EXERCISE INSTRUCTIONS | From the line containing "Borriello Napoli 'marechiaro'" to the line containing "Showcase Japan, the" in the entries below, reproduce every line exactly, ends included. Nothing else belongs in the copy, and no pictures.

RECORDS FOR THIS TASK |
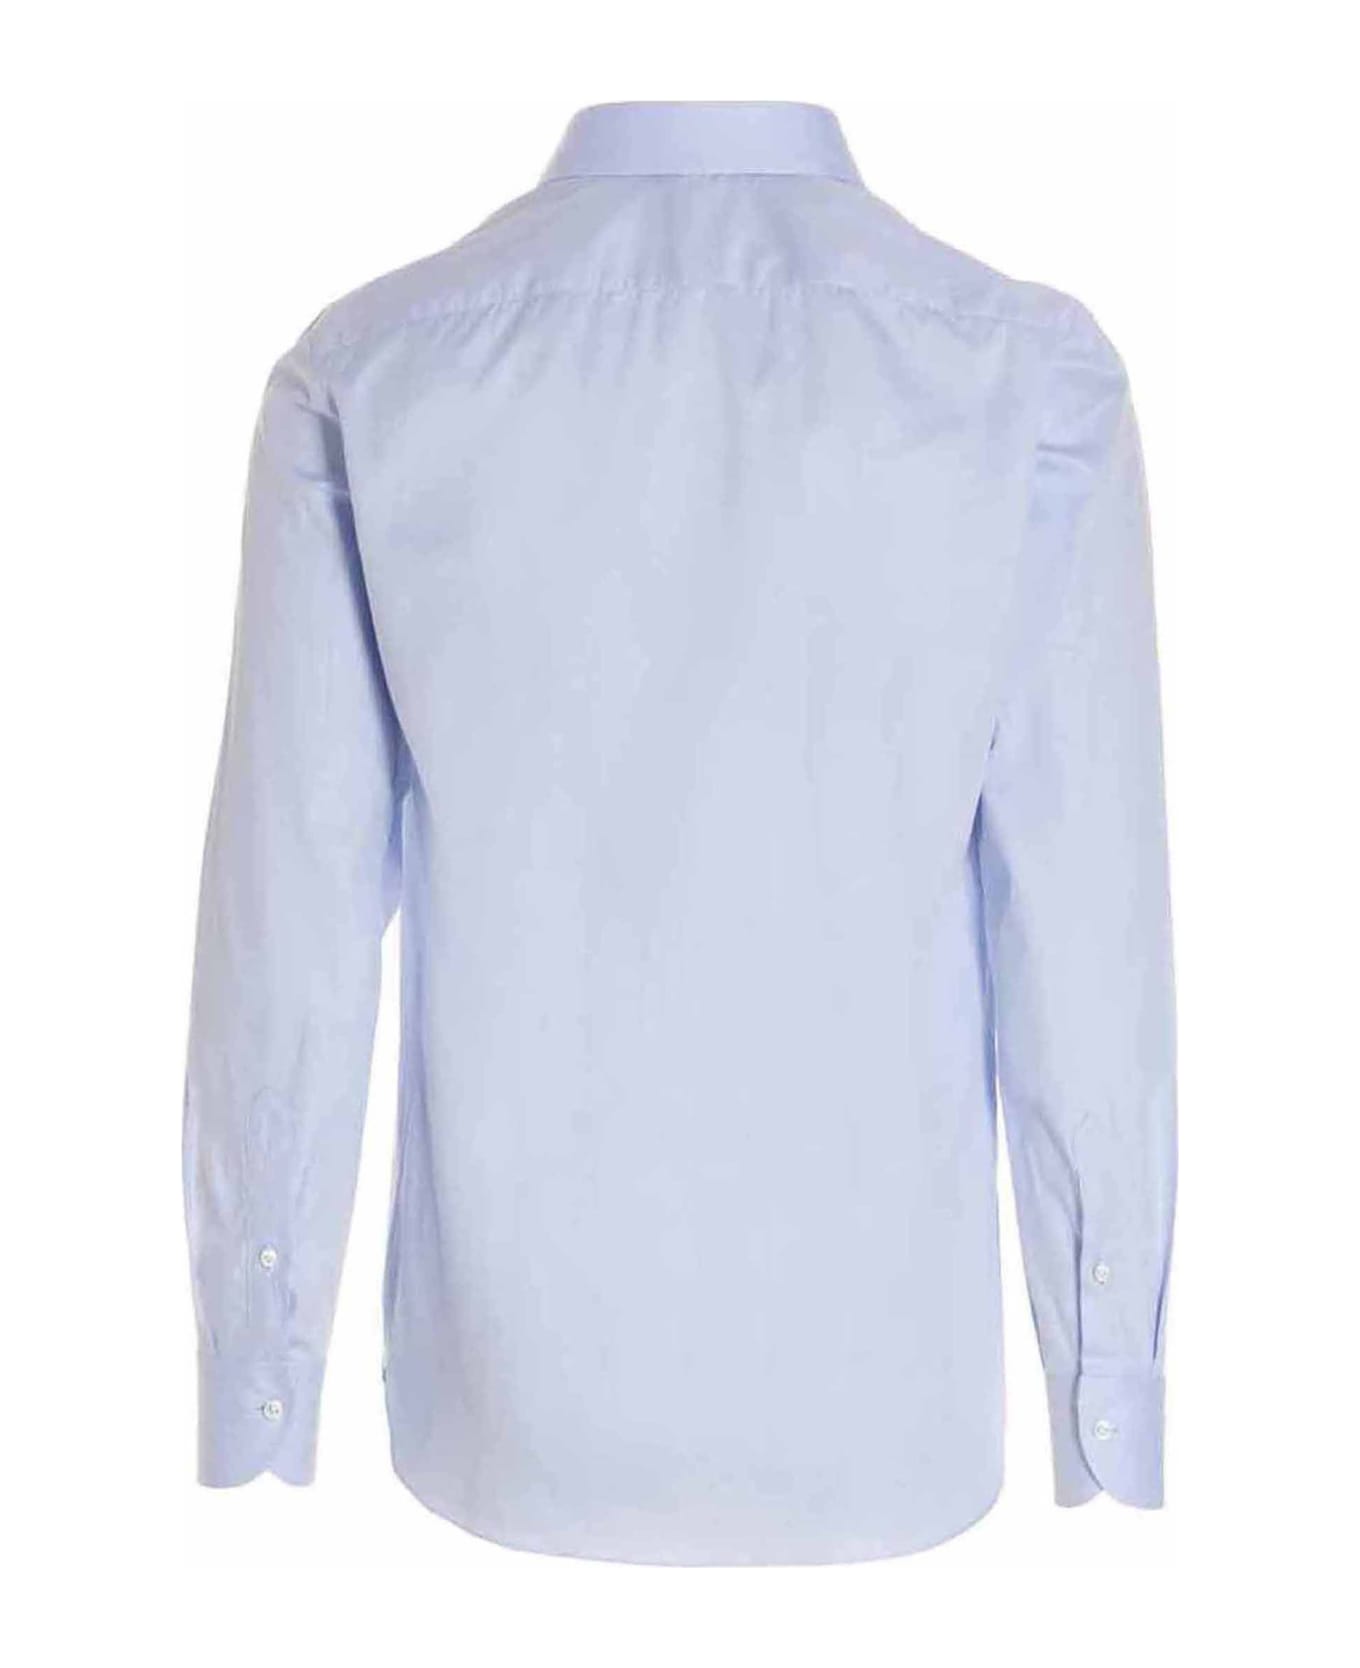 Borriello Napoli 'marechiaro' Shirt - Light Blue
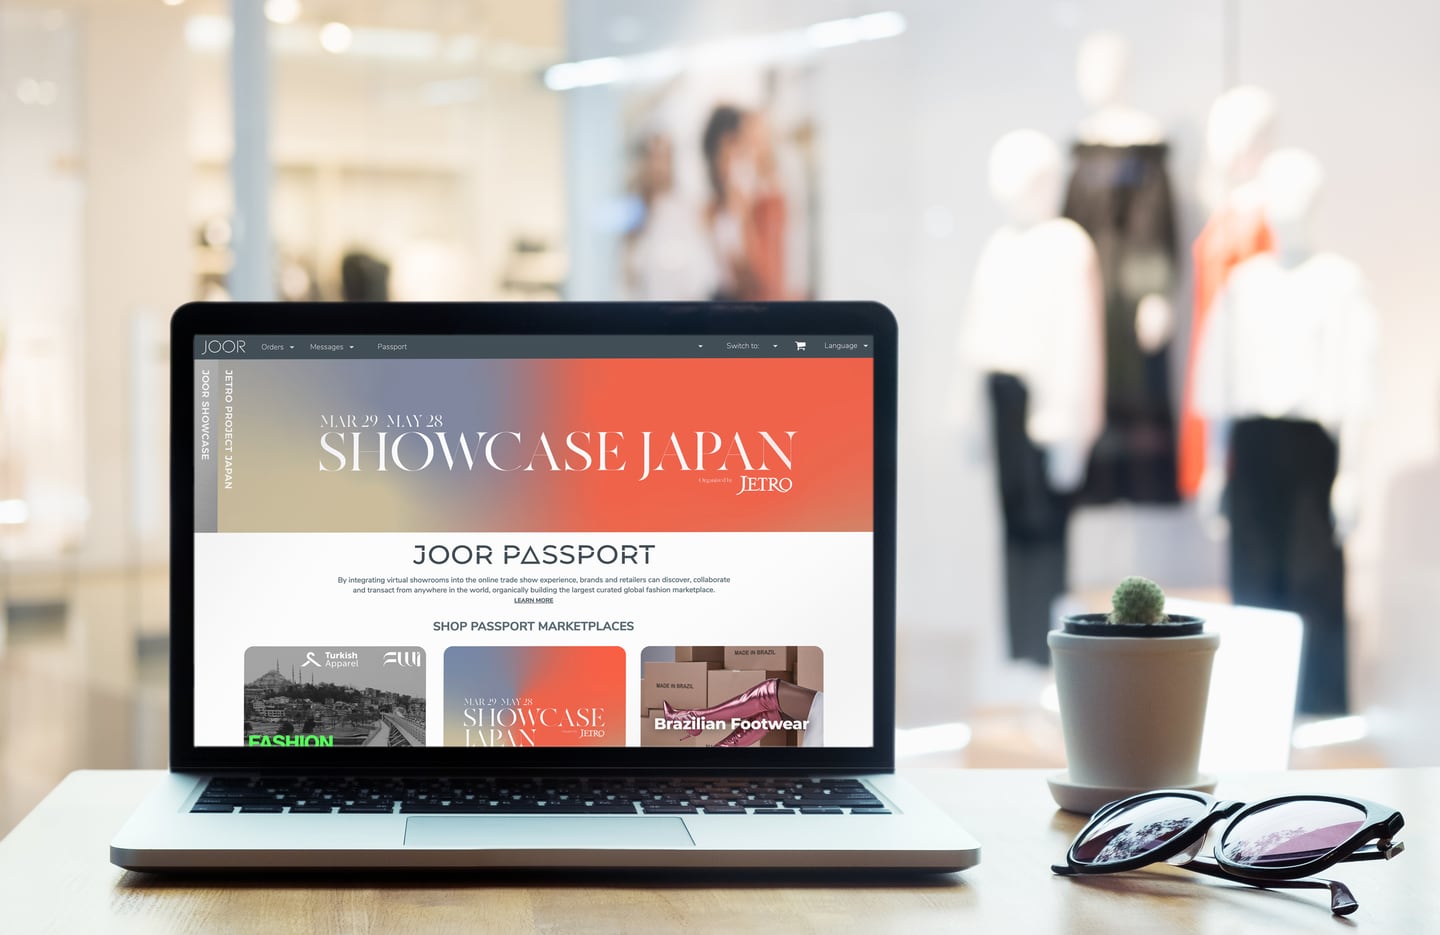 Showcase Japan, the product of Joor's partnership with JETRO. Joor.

==

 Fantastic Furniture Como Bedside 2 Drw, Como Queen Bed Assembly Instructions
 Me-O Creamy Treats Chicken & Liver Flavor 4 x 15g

* * *

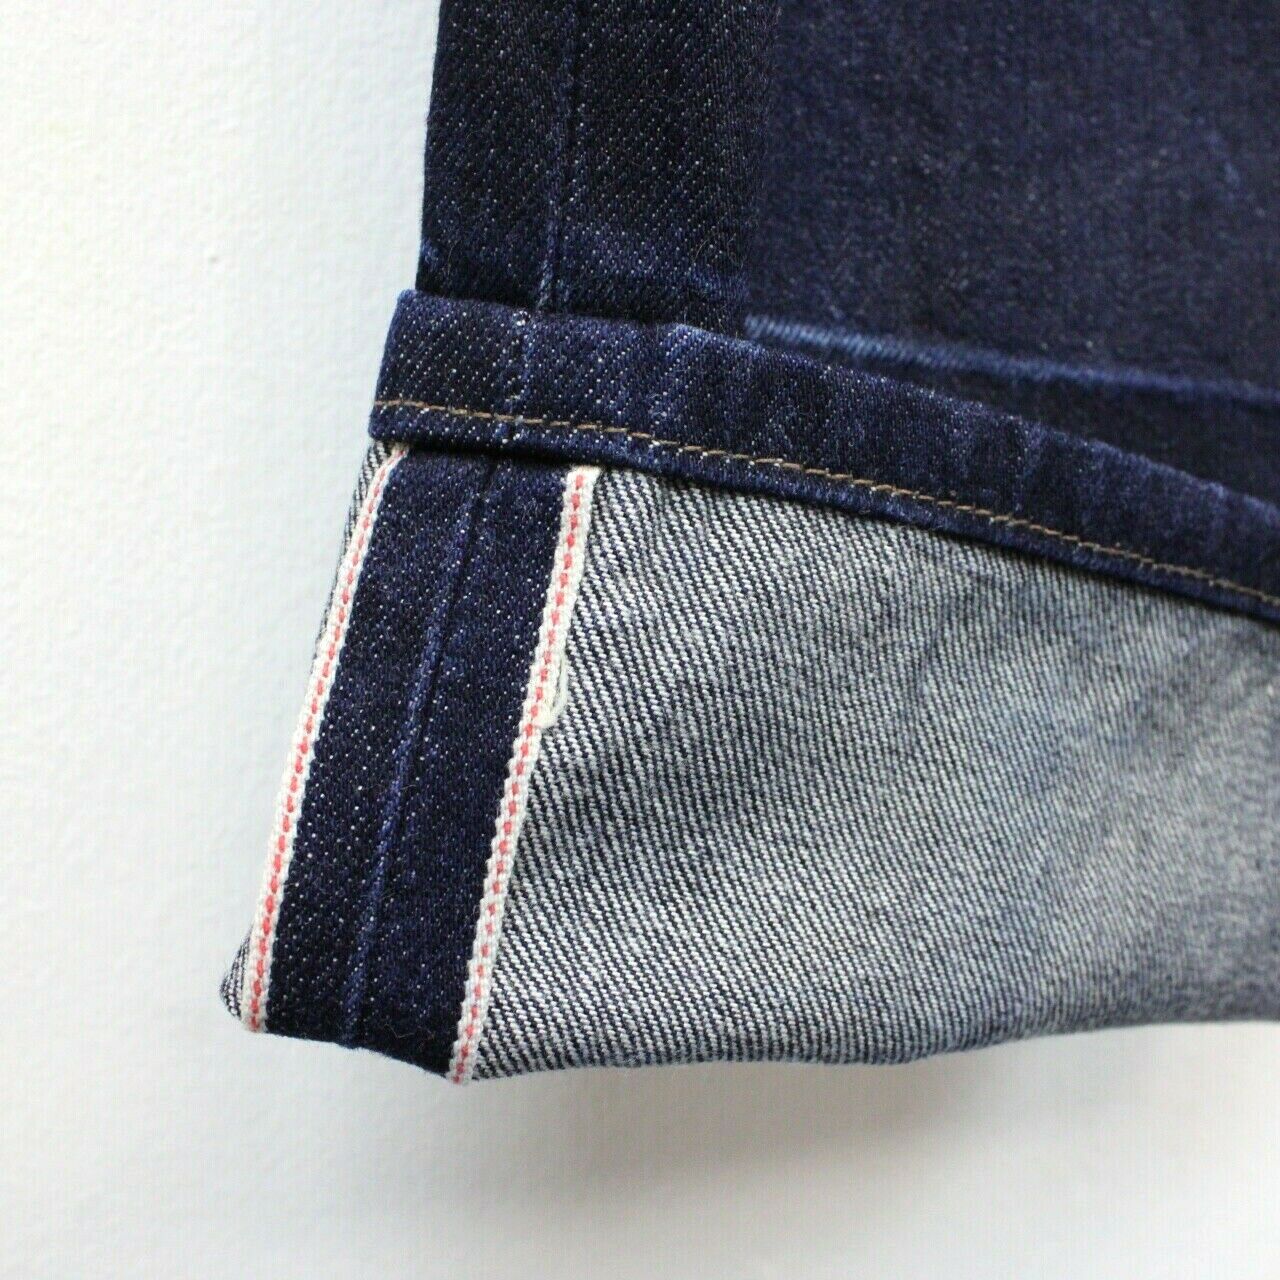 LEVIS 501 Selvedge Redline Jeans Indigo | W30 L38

RESULT OF THE TASK |
 Borriello Napoli 'marechiaro' Shirt - Light Blue
 Showcase Japan, the product of Joor's partnership with JETRO. Joor.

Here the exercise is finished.